In solving for a gradient, I ended up with a differential that looks similar to: $$ dT = (a^T \otimes b^T)\ \text{vec}[d[W]^T] + (b^T \otimes c^T)\ \text{vec}[d[W]] $$ and I am trying to solve for $\frac{\partial T}{\partial \text{vec}W}$. The second term isn't a big problem, since we can just flip-flop the vec and d operators, but the first term needs to handle the transpose and I wasn't sure how to do it.
Note: Although I hope it isn't nessesary, the actual equation I am solving for is $\frac{\partial T}{\partial \text{vec}W}$ with $T$ defined below: $$ T = (y - f_1(W_1f_0(W_0x)))^TB_0^Tf_0(W_0x) $$ using elementwise differentiable functions $f_i$, and non-square matricies $W_i$, and static vector $y$.
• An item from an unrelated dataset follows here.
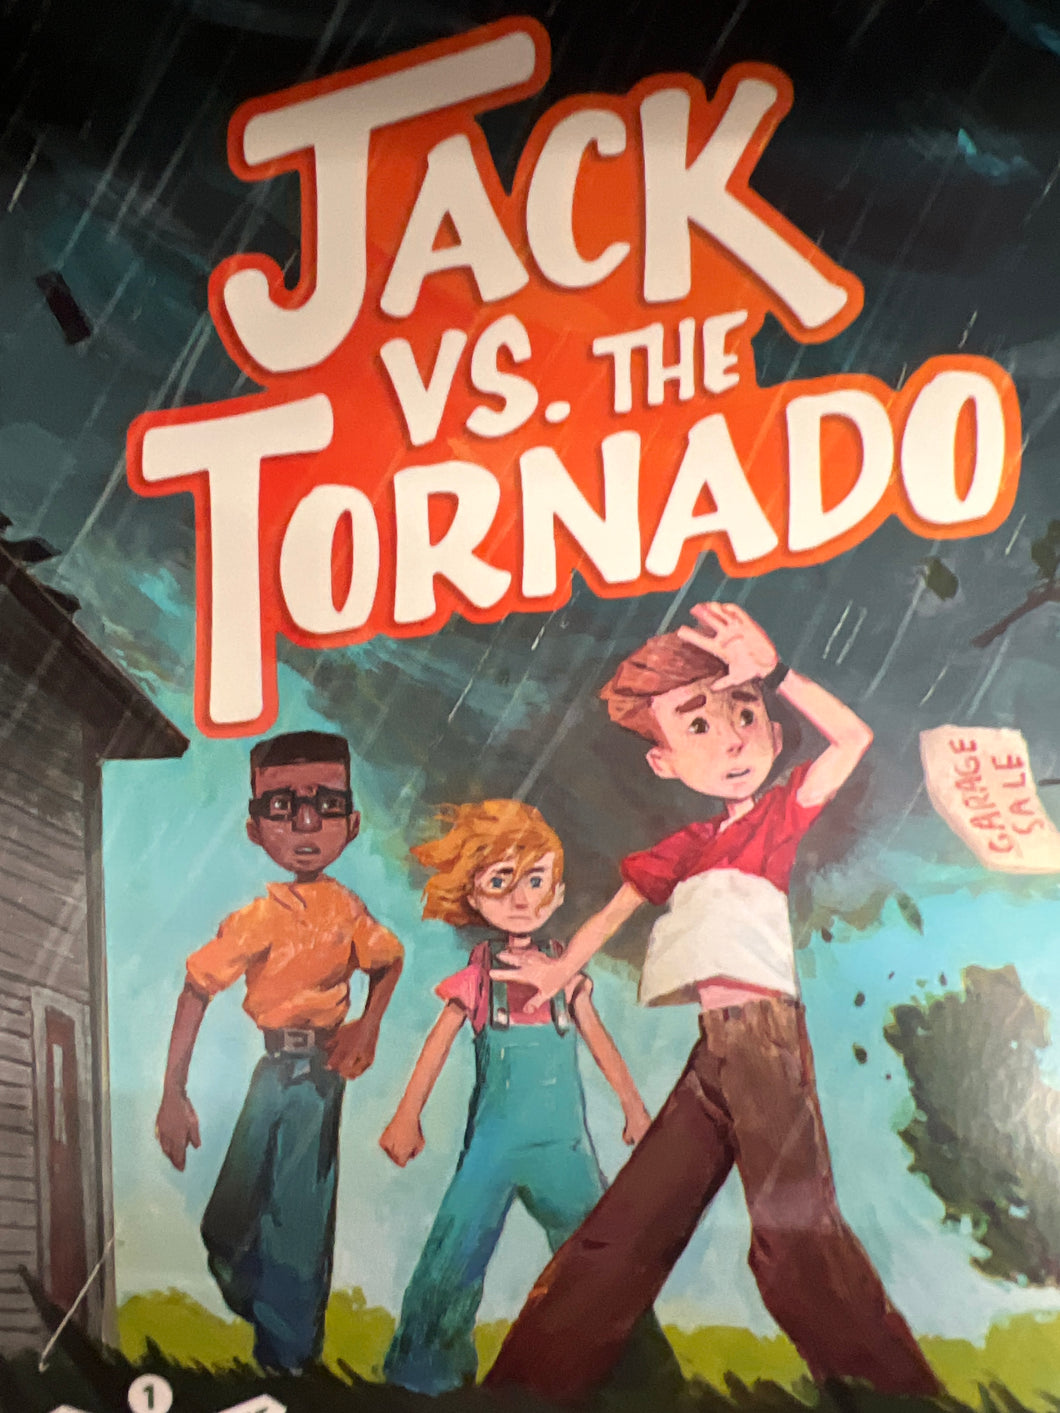 Jack vs. The Tornado

Edit: Based on numerical experiments it seems that this relationship is true: $$ T = b^TW^Ta + c^TWb\\ dT_0 = (a^T \otimes b^T)\text{vec}[d[W]^T] \implies \nabla_{\text{vec} W} T_0 = (a^T \otimes b^T)\\ dT_1 = (b^T \otimes c^T)\text{vec}[d[W]] \implies \nabla_{\text{vec} W} T_1 = (c^T \otimes b^T)\\ $$ But this doesn't make any sense to me. Why would the non-transposed version flip the order of the kronecker product?
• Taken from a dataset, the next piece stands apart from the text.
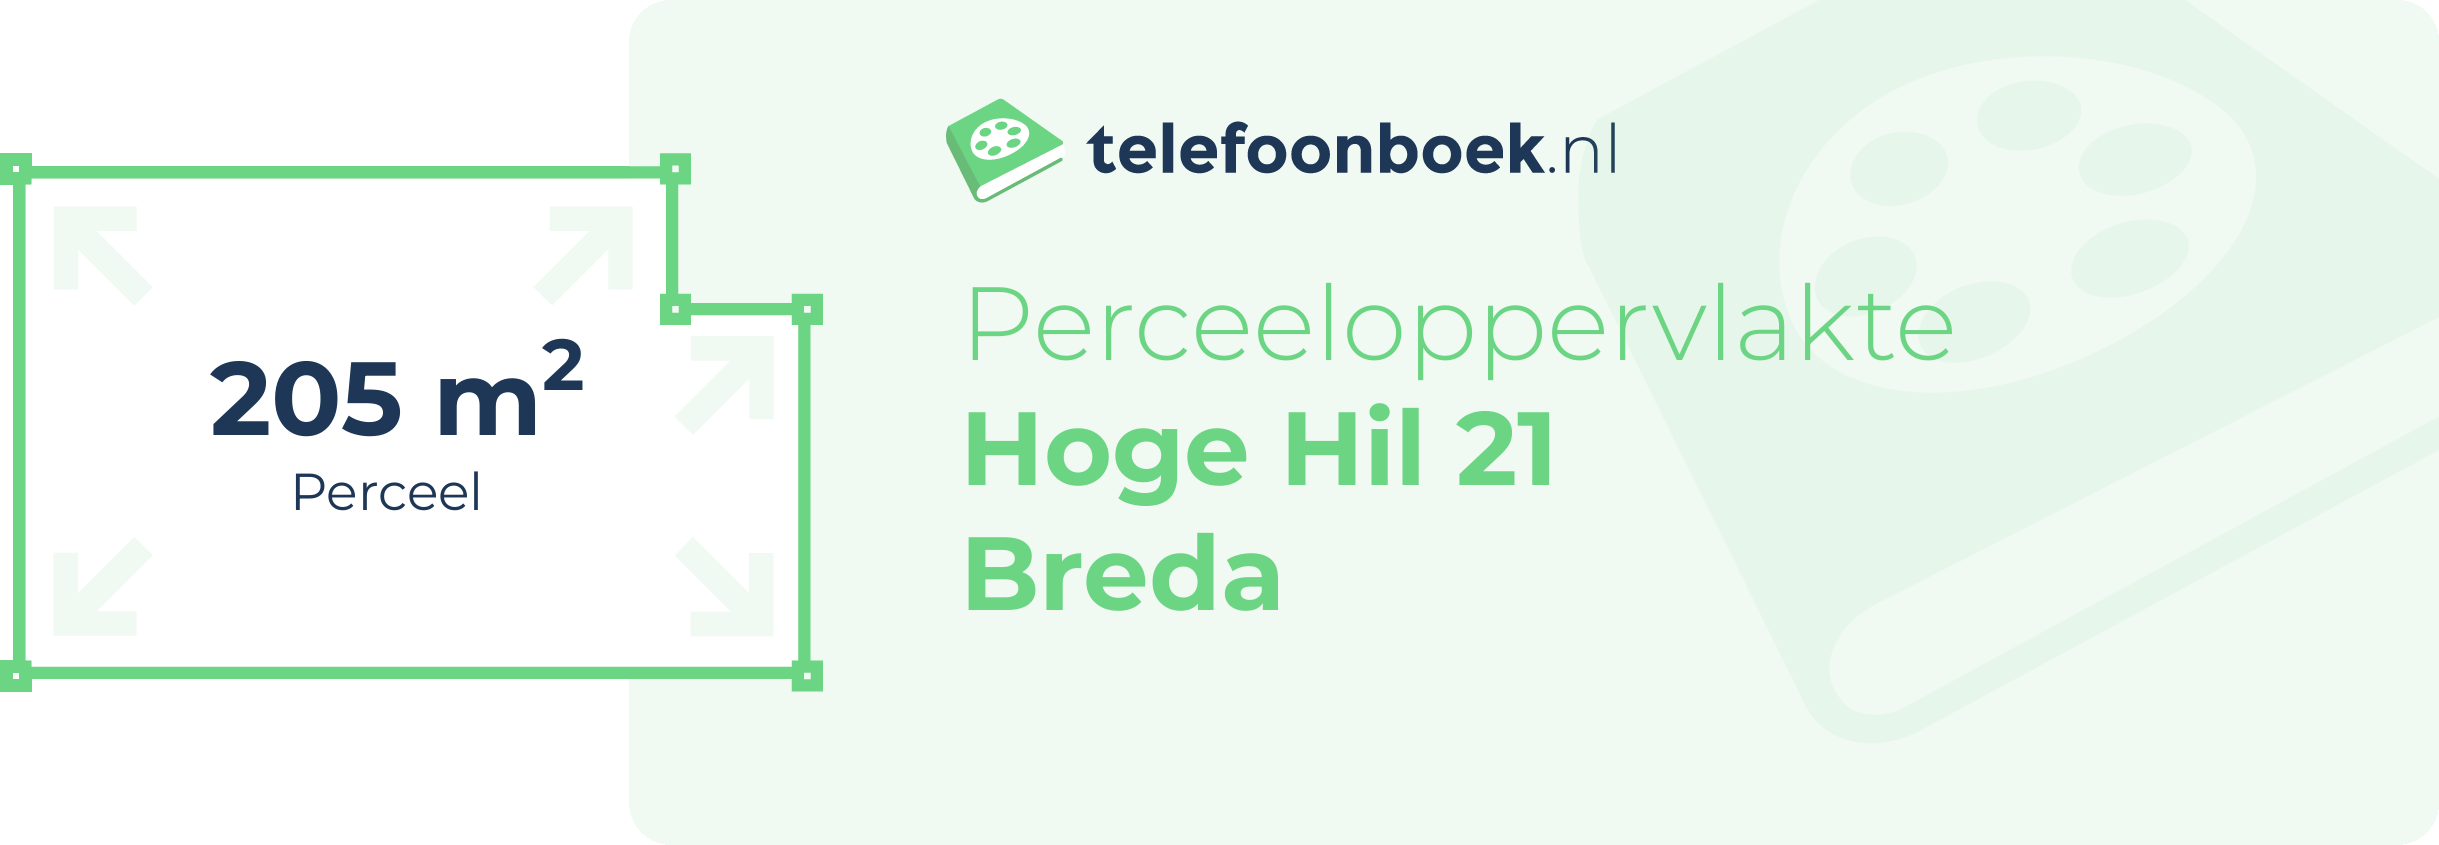 Perceeloppervlakte Hoge Hil 21 Breda

So I have learned that the matrix @amd referred to is called the commutation matrix. Basically, for a given $W \in \mathbb{R}^{n \times m}$ there exists $K_{mn} \in \mathbb{R}^{mn \times mn}$ such that
$$ \text{vec}[W^T] = K\text{vec}[{W}]\\ \text{vec}[W] = K\text{vec}[{W^T}]\\ $$
As it turns out, the method for building $K_{mn}$ is the same way you build the matrix that allows you to commute the terms of a Kronecker product. For $A \in \mathbb{R}^{a\times b}$, $B \in \mathbb{R}^{c\times d}$ there exists $K_{ad}$ and $K_{bc}$ such that: $$ K_{ad} (A \otimes B) K_{bc} = (B \otimes A) $$
In my particular case that I was asking about (where the Kronecker product was between two row vectors) we have a special case where $A = a^T \in \mathbb{R}^{1\times a}$ and $B = b^T \in \mathbb{R}^{1\times b}$ so that:
$$ K_{11} (a^T \otimes b^T) K_{bc} = (b^T \otimes a^T)\\ (a^T \otimes b^T) K_{bc} = (b^T \otimes a^T) $$ Because $K_{11}$ is the one-by-one matrix/scalar $1$. This results in the identity I found via experimentation: $$ \begin{align*} dT &= (a^T \otimes b^T)d[\text{vec}[W^T]]\\ &= (a^T \otimes b^T)d[K_{bc}\text{vec}[W]]\\ &= (a^T \otimes b^T)K_{bc}d[\text{vec}[W]]\\ &= (b^T \otimes a^T)d[\text{vec}[W]]\\ \frac{\partial T}{\partial \text{vec}[W]} &= (b^T \otimes a^T) \end{align*} $$
The other thing that was a little confusing is that $\nabla_{\text{vec} W} T = \frac{\partial T}{\partial \text{vec} W^T}$, not w.r.t $\text{vec}[W]$ as I was thinking originally.